According to a new report by Cornerstone Research (a leading consulting and expert testimony firm), the Securities and Exchange Commission initiated 55% more actions involving accounting and auditing enforcement in fiscal year 2022 than it did in FY 2021. The report examines recent trends in the SEC’s enforcement of accounting and audit violations, and includes insights on the total number of enforcement actions brought, total monetary settlements, and categories of alleged violations. Of particular note, the report highlights:

Spike in actions involving alleged ‘clawback’ provision violations

In FY 2022, the SEC brought nine actions involving alleged violations of Section 304 (the “clawback” provision) of the Sarbanes-Oxley Act of 2022 – triple the number in FY 2021. The provision allows the SEC to claw back incentive-based compensation from executives following a restatement of financials statements caused by misconduct (15 USC § 7243). Compensation clawbacks have been a recent focus for regulatory agencies, punctuated by the SEC’s October 2022 adoption of a long-gestating rule governing the recovery of improperly awarded incentive-based compensation. In March 2023, the Department of Justice similarly enacted its Compensation Incentives and Clawbacks Pilot Program, which requires companies entering criminal resolutions to implement compliance programs in their compensation and bonus structures (in exchange for potential fine reductions).

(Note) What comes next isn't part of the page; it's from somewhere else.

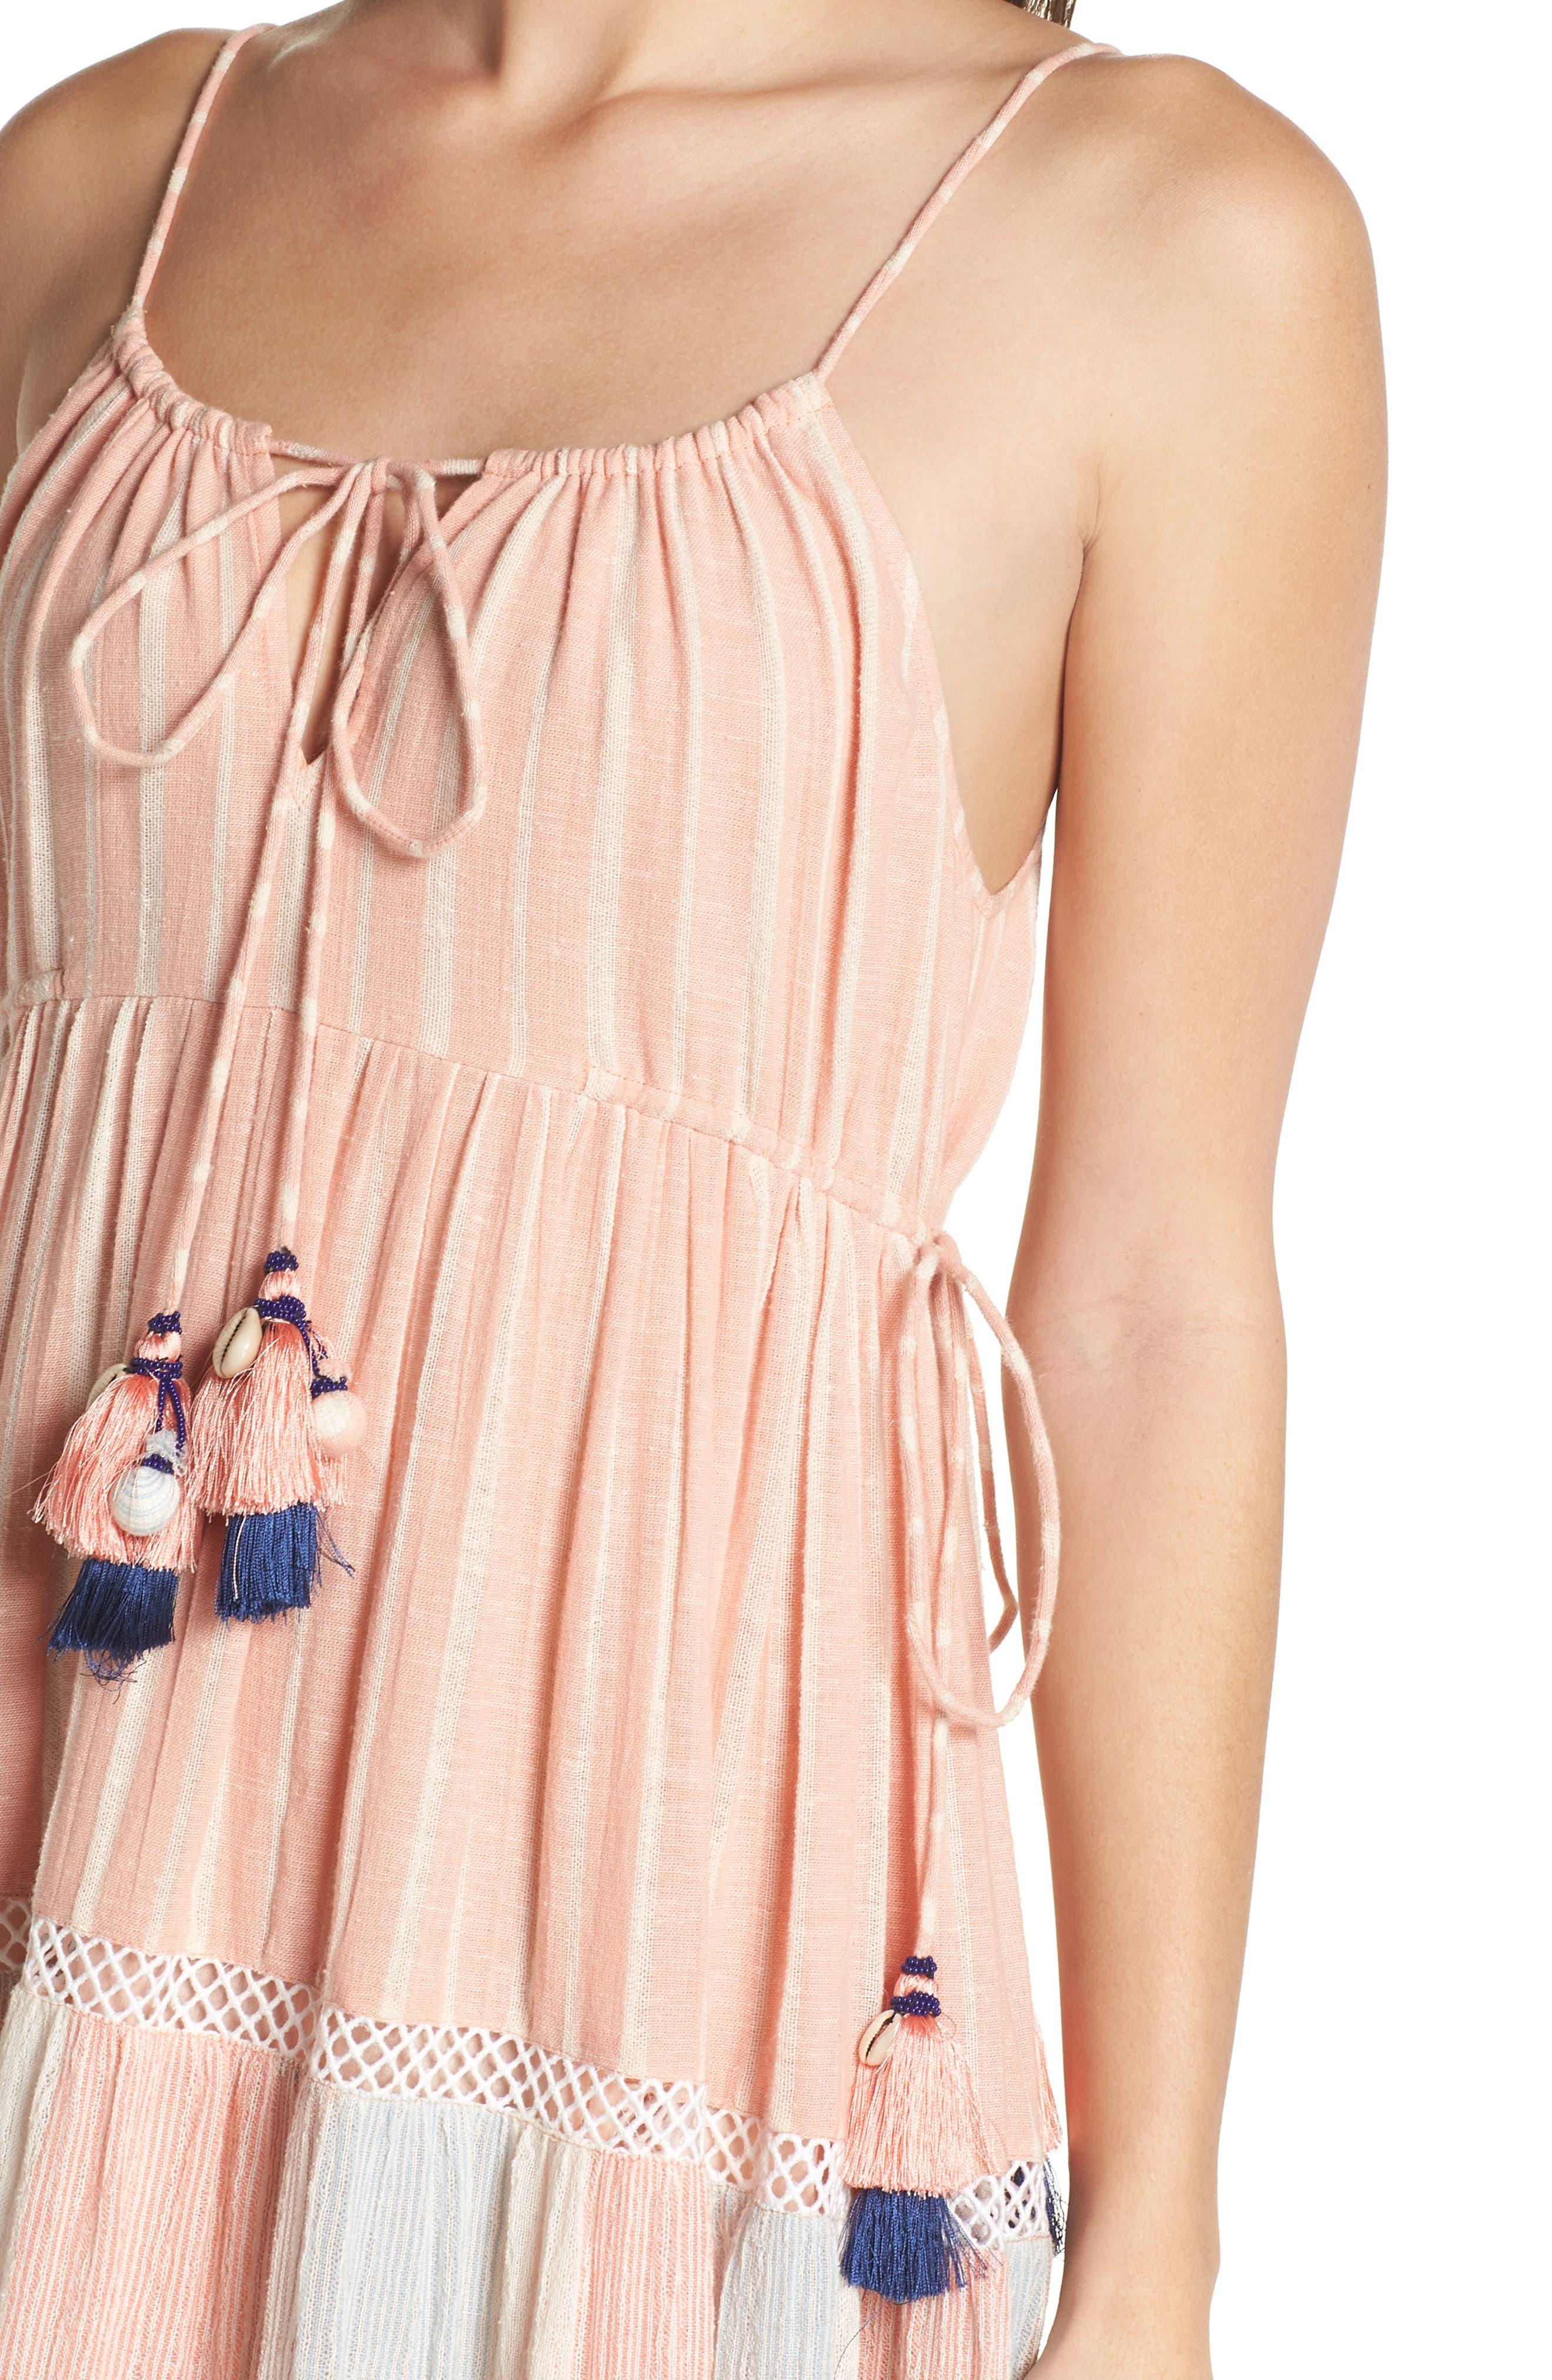 Hemant & Nandita Cover-Up Maxi Dress,                             Alternate thumbnail 4, color,                             Peach

Significant increase in revenue recognition-related enforcement actions

Actions involving allegedly improper revenue recognition jumped substantially in FY 2022, with 25 of the 36 actions referring to restatements involving improper revenue recognition. The SEC’s focus on revenue recognition was highlighted by a recent $8 million settlement with VMware, which involved allegations that the company delayed delivery of certain license keys to shift revenue into future quarters (thereby “managing” the timing of the company’s revenue recognition).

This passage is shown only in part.